# 1.5 Acre Irrigation System



## STI_MECE (Aug 4, 2020)

So, I just got a quote back from an irrigation installer. The price had me rather surprised because to cover 1.5 acres with irrigation on a well, is no easy feat. They quoted me 8500 dollars for an 18 zone system. They did not provide me any details other than line items of the general area of each zone. The main water line to be installed is 1.25" is about as detailed as it gets and I would imagine they are using rotor sprinklers.

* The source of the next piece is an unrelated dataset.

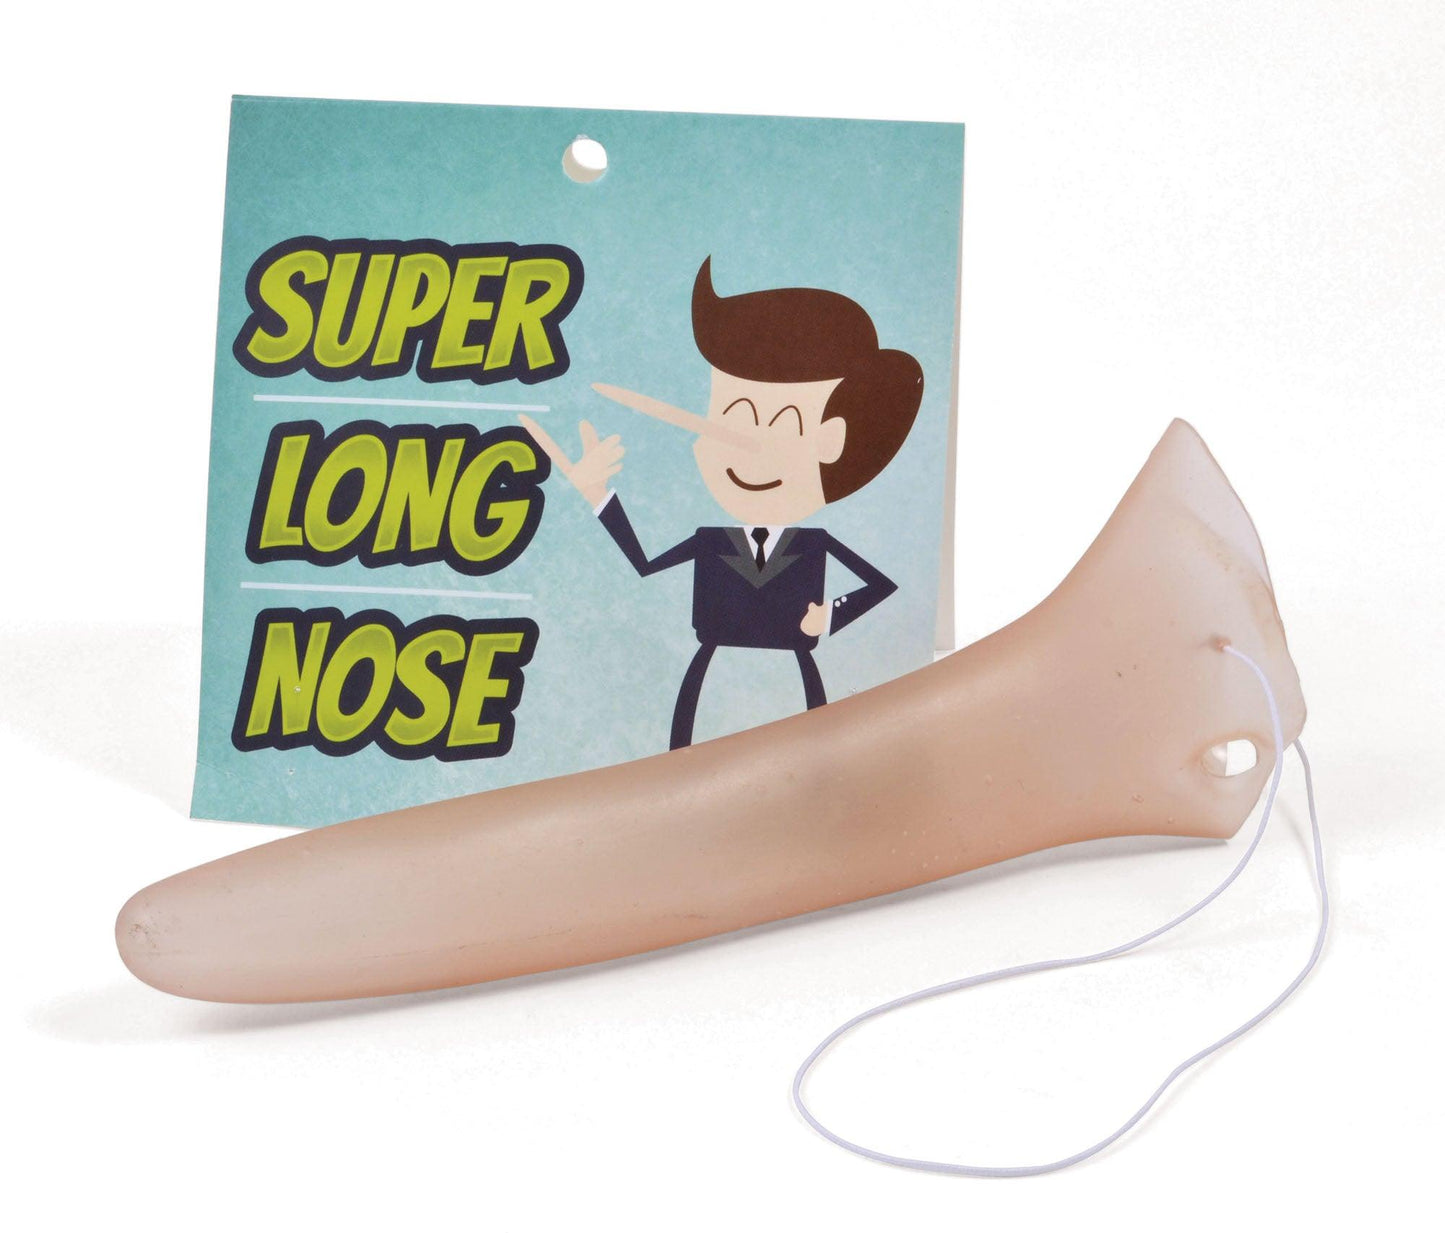 Super Long Nose (Pincchio Type) - Labreeze
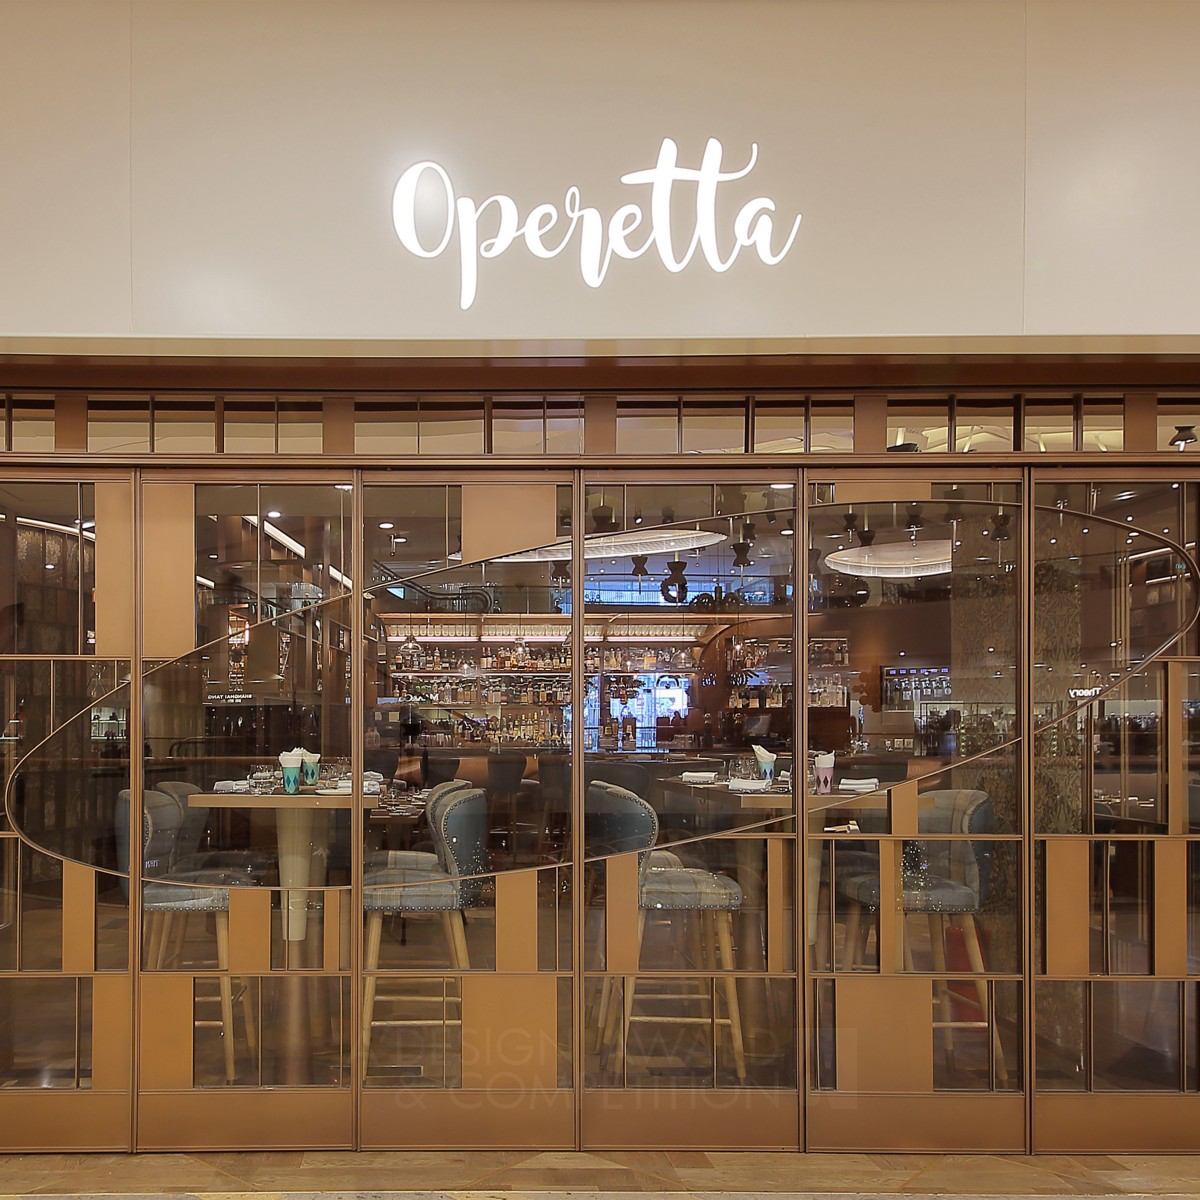 Operetta Restaurant by Monique Lee

I feel like 8500 would just be enough to cover the cost of materials not labor. They did however come to the property and collected the details they needed on the size of the lot and what the well was producing


----------



## MrMeaner (Feb 21, 2017)

Price sounds about right....I paid 6500 for a 18 zone system on a one acre property 7-8 years ago on a well.

Thing you wanna look for is how many gallons your well produces and size rotor nozzles correctly.


----------



## dpainter68 (Apr 26, 2017)

STI_MECE said:


> So, I just got a quote back from an irrigation installer. The price had me rather surprised because to cover 1.5 acres with irrigation on a well, is no easy feat. They quoted me 8500 dollars for an 18 zone system. They did not provide me any details other than line items of the general area of each zone. The main water line to be installed is 1.25" is about as detailed as it gets and I would imagine they are using rotor sprinklers.
> 
> I feel like 8500 would just be enough to cover the cost of materials not labor. They did however come to the property and collected the details they needed on the size of the lot and what the well was producing


I did a 16 zone system on one acre a couple of years ago. The materials were around $4k-4500. I had several quotes ranging from 8-9k. I'd get a detailed quote from them to be sure it meets your expectations.


----------



## Thejarrod (Aug 5, 2018)

A buddy of mine did 40,000 feet for $8,000. I don't recall how many zones.

I was surprised at how low the price tag was. It just went in so no feedback on what went well or what could have been better


----------



## ticklemejoviemo (Sep 25, 2021)

In MA I just had 20,000sq. Ft. done for $5500, hunter pro-hc and i20's. 10 zones, I think 48-50 heads?


----------



## Huntsw1 (Jun 3, 2021)

Near Indianapolis they are quoting 5-8k for 1/3 acre lots.


----------



## Harts (May 14, 2018)

In Southern Ontario, the going rate is anywhere from $150 to $200 per head. All in.


----------



## burntfire (Dec 10, 2020)

Wow that's cheap for where I am.

10k would get you around 8,000 sq ft of coverage... depending on the site of course.

It is tough digging here though.


----------



## thebmrust (Jun 29, 2020)

I have 1.5 acres. Did it myself. Spent about $1,500 (or less).
The main lines to 1 acre were already in the ground. The lines to the .5ac yard, we put in.
Had to replace every head and riser.

Took us a few months. Once done though, we did a full 1.5 acre reno that fall and I'd say we were 90% successful (grass and sprinklers).

We did manual valves (for 10 zones) since the main lines were already underground. So that saved money, but also costs time. YMMV


----------



## Colinwjholding (Apr 6, 2020)

I irrigated 1.5 acres. I was around 3900$ in materials.


----------



## Jr2169 (9 mo ago)

Saw this at the top figured Id comment on the current pricing in west texas. I have 20k sq ft to irrigate and have gotten quotes at $25k and up. Thats just irrigation. &#128580;. Times sure have changed


----------



## STI_MECE (Aug 4, 2020)

I went around and got some more quotes for the yard. The second round of quotes, one of them was 31k, which to me seems reasonable for irrigating about 3 acres. I am going to be doing almost half the property now instead of only 1.5 acres.

I guess the pricing here seems to be about 10k for every 1 acre.


----------